Потом у Морроса возникла идея перепрофилировать бизнес. Вместо того, чтобы печатать ноты, он решил выпускать граммофонные пластинки. Это потребовало гораздо бóльших вложений. Кроме того, возникла проблема с качеством дисков. Короче говоря, начались проблемы между Морросом и советской разведкой, потому что он начал просить всё больше и больше денег. Деньги, которые дал ему Стерн, он потерял. Возникла проблема между Зарубиным и Стерном, потому что советская разведка отвечала перед Стерном за эти деньги. Они компенсировали, по-моему, сто тысяч долларов, потом обещали, что помогут провести какую-то деловую операцию с Советским Союзом, что поможет ему возместить все его убытки. Короче говоря, этот бизнес не очень получился.

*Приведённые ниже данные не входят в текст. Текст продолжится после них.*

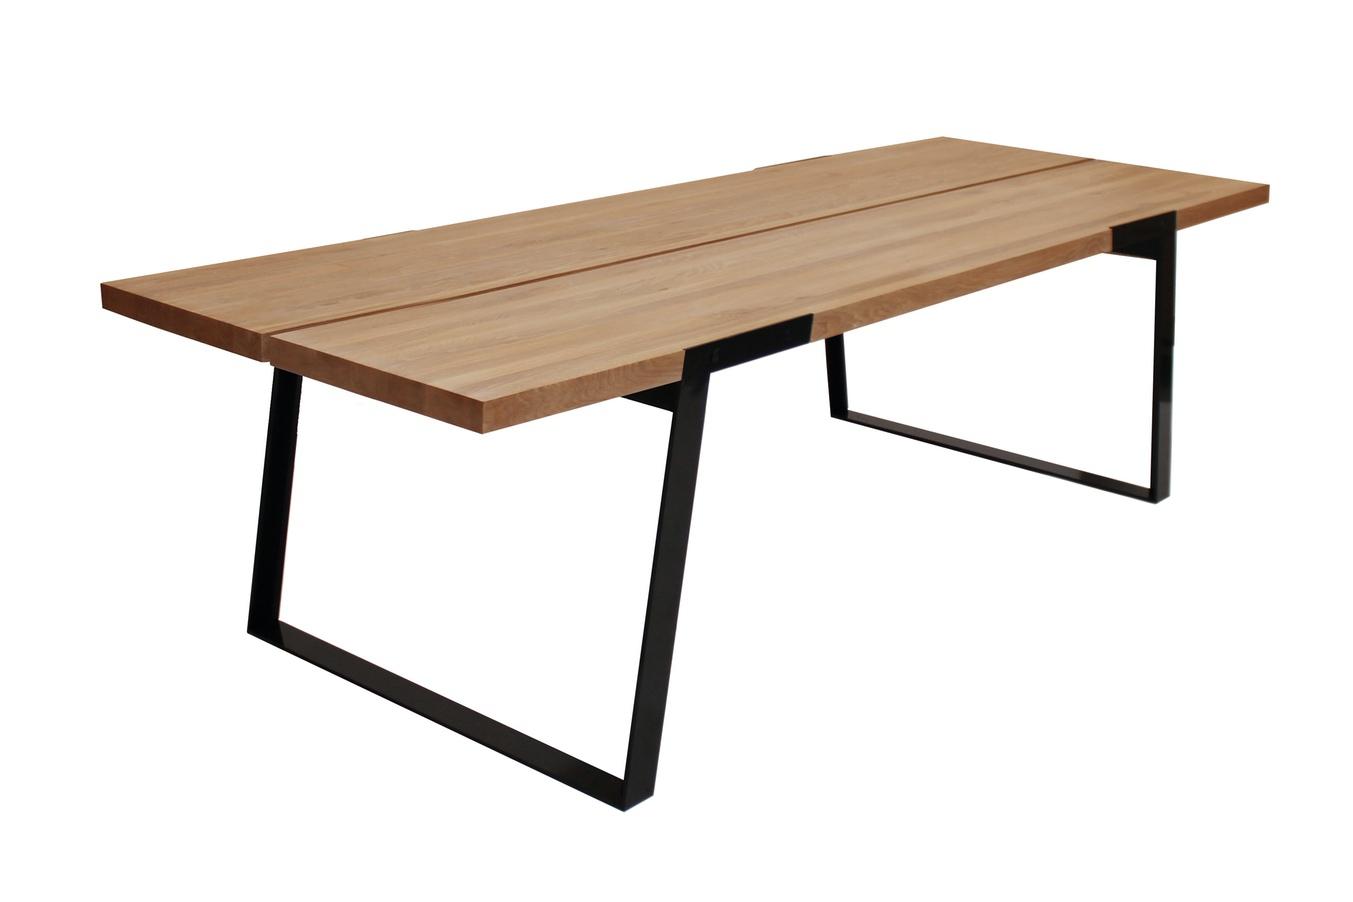 Luxusní jídelní stůl Zora 290 - 410cm přírodní / černá

– Здесь я с тобой не соглашусь. У него была деловая хватка, и он был настоящим профессионалом. Во-первых, три фильма, в создании которых участвовал Моррос, номинировались на "Оскар" именно за музыку – в 1937, 1938 и 1939 годах. Именно он придумал выпускать саундтрек отдельной пластинкой – этой первой пластинкой стала в 1945 году музыка к знаменитому блокбастеру Альфреда Хичкока "Завороженный". Моррос привлёк в кино выдающихся классических композиторов, таких как Джордж Антейл, например, который потом много и очень успешно работал в кино. Во-вторых, компания Морроса American Recording Artists заняла заметное место в индустрии звукозаписи, её пластинки не раз становились хитами, постоянно попадали в лидеры продаж, в первые строчки чартов. Он открыл целый ряд имен. Назову хотя бы Хоги Кармайкла, Боба Кросби, Фила Харриса и его оркестр. Это громкие имена, и все они начинали у Морроса, именно он их раскрутил. А запись Ватиканского хора! Это была сенсация. Первая подобная пластинка в мире. И уж, конечно, фирма грамзаписи была гораздо более прибыльным предприятием, чем нотное издательство.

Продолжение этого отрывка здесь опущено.